◆ **EXERCISE DATA**:
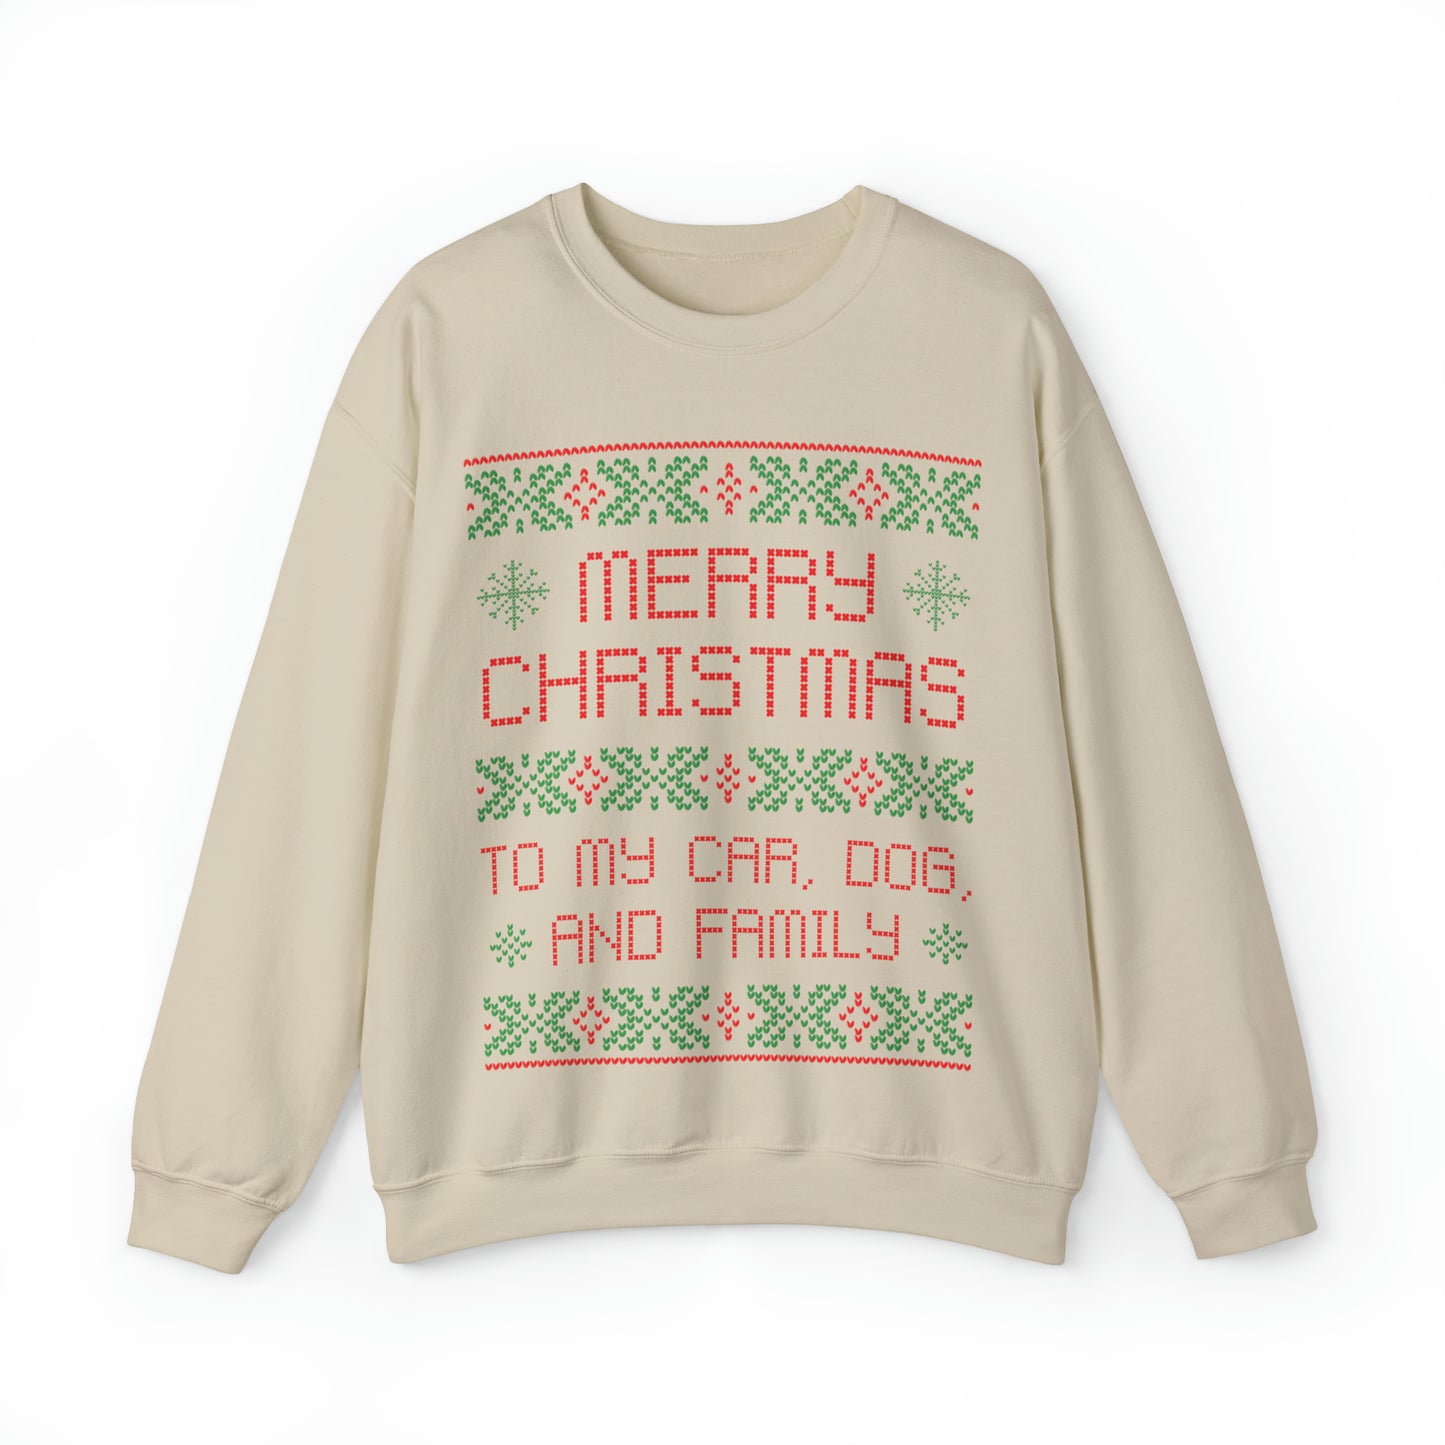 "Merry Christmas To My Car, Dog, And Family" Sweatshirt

---

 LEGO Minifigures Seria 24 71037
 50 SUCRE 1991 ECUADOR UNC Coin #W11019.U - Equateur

◆ **TASK DETAILS**: All lines above from the one containing "LEGO Minifigures Seria 24 71037" to the one containing "50 SUCRE 1991" must be repeated exactly, both lines included, and no others.

◆ **SOLUTION TO THIS TASK**:
 LEGO Minifigures Seria 24 71037
 50 SUCRE 1991 ECUADOR UNC Coin #W11019.U - Equateur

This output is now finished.